This was transformative. Instead of hoping Veo would generate the dashboard layout I wanted, I could show it the exact dashboard and say "animate this."

The "Drink Me" bottle made Alice small enough to enter Wonderland properly. Image-to-video made AI video controllable enough to use professionally.

A prompt is not enough. You need to prime the context with an image.

The Cheshire Cat: Google's Generosity

The Cheshire Cat appears and disappears throughout Alice's journey, offering cryptic guidance with that famous grin.
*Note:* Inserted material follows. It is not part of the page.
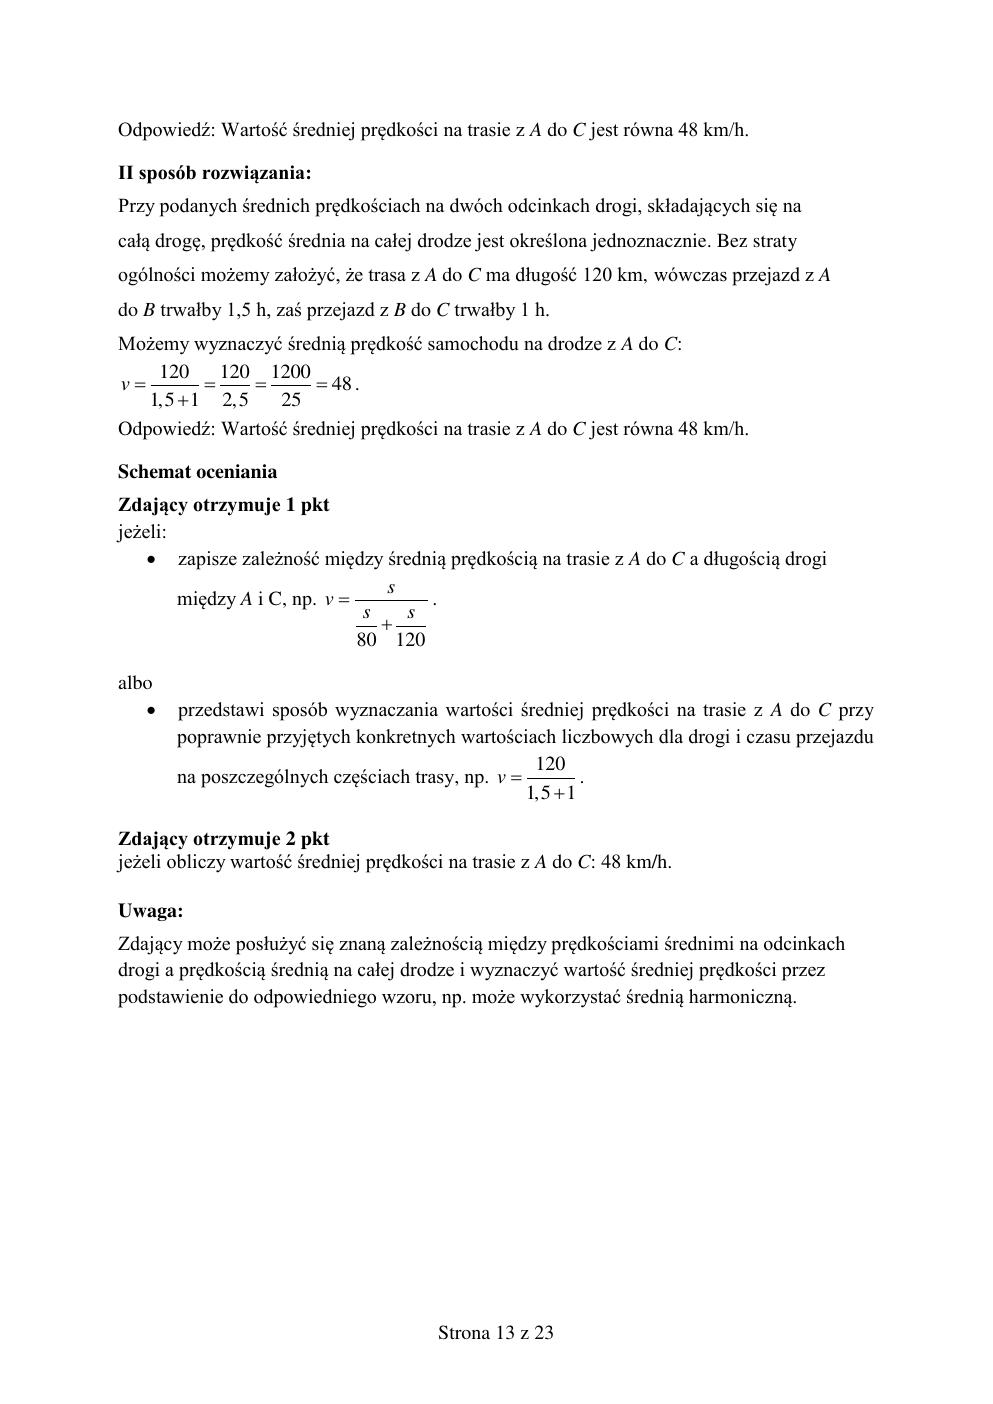 odpowiedzi - matematyka podstawowy - matura 2015 próbna-13

You never know when he'll show up or what he'll say, but his presence is always... helpful, in its own strange way.

Google has been my Cheshire Cat.

When I started this journey, I was terrified of costs. AI video generation isn't cheap. Each Veo clip costs roughly $0.10-0.15. Imagen frames are $0.02-0.04. Extensions add up. A 30-second marketing video might run $0.75. Do that hundreds of times while experimenting and you're looking at real money.

Then Google appeared, grinning, with thousands of dollars in cloud credits.

The Real Costs of AI Video

Video Type	Clips	Est. Cost
15s Social Clip	3 clips	~$0.36
30s Marketing Video	6 clips	~$0.72
30s Continuous	1 + 3 ext	~$0.42
60s Product Demo	1 + 7 ext	~$0.92

With credits: Hundreds of experiments for free. Without credits: This blog post wouldn't exist.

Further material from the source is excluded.